Re: workqueue: WARN at at kernel/workqueue.c:2176
From: Peter Zijlstra
Date:  Fri May 16 2014 - 05:35:56 EST
On Fri, May 16, 2014 at 11:50:42AM +0800, Lai Jiangshan wrote:
> After debugging, I found the hotlug-in cpu is atctive but !online in this case.
> the problem was introduced by 5fbd036b.
> Some code assumes that any cpu in cpu_active_mask is also online, but 5fbd036b breaks
> this assumption, so the corresponding code with this assumption should be changed too.
Good find, and yes it does that.
> The following patch is just a workaround. After it is applied, the above WARNING
> is gone, but I can't hit the wq problem that you found.

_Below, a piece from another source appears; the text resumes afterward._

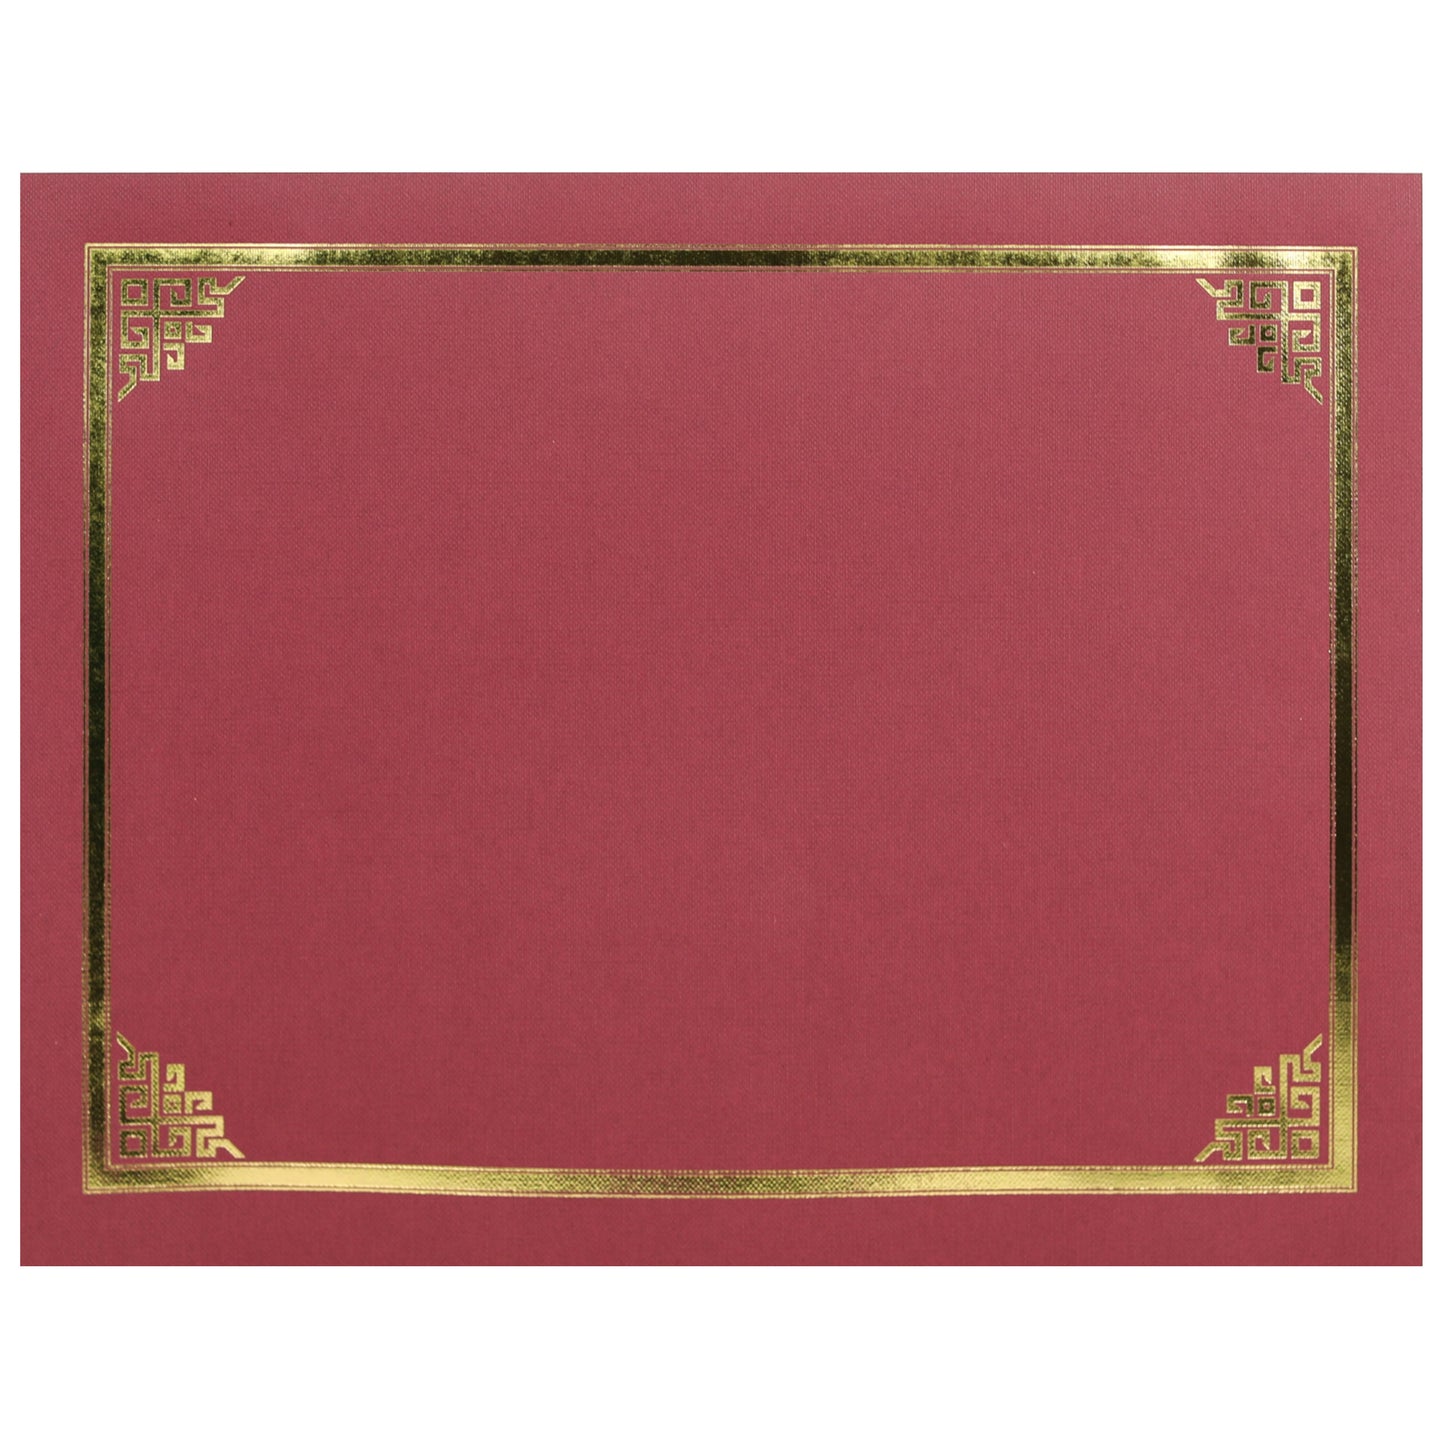 St. James® Certificate Holders/Document Covers/Diploma Holders, Red, Gold Foil Border, Linen Finish, Pack of 5, 83804

Seeing how the entirety of hotplug is basically duct tape and twigs, the
below isn't that bad.
> ---
> diff --git a/kernel/cpu.c b/kernel/cpu.c
> index a9e710e..253a129 100644
> --- a/kernel/cpu.c
> +++ b/kernel/cpu.c
> @@ -726,9 +726,10 @@ void set_cpu_present(unsigned int cpu, bool present)
>  
>  void set_cpu_online(unsigned int cpu, bool online)
>  {
> -	if (online)
> +	if (online) {
>  		cpumask_set_cpu(cpu, to_cpumask(cpu_online_bits));
> -	else
> +		cpumask_set_cpu(cpu, to_cpumask(cpu_active_bits));
> +	} else
>  		cpumask_clear_cpu(cpu, to_cpumask(cpu_online_bits));
>  }
>  
> diff --git a/kernel/sched/core.c b/kernel/sched/core.c
> index 268a45e..c1a712d 100644
> --- a/kernel/sched/core.c
> +++ b/kernel/sched/core.c
> @@ -5043,7 +5043,6 @@ static int sched_cpu_active(struct notifier_block *nfb,
>  				      unsigned long action, void *hcpu)
>  {
>  	switch (action & ~CPU_TASKS_FROZEN) {
> -	case CPU_STARTING:
>  	case CPU_DOWN_FAILED:
>  		set_cpu_active((long)hcpu, true);
>  		return NOTIFY_OK;
Attachment:
pgptiVPeZL7zC.pgp
Description: PGP signature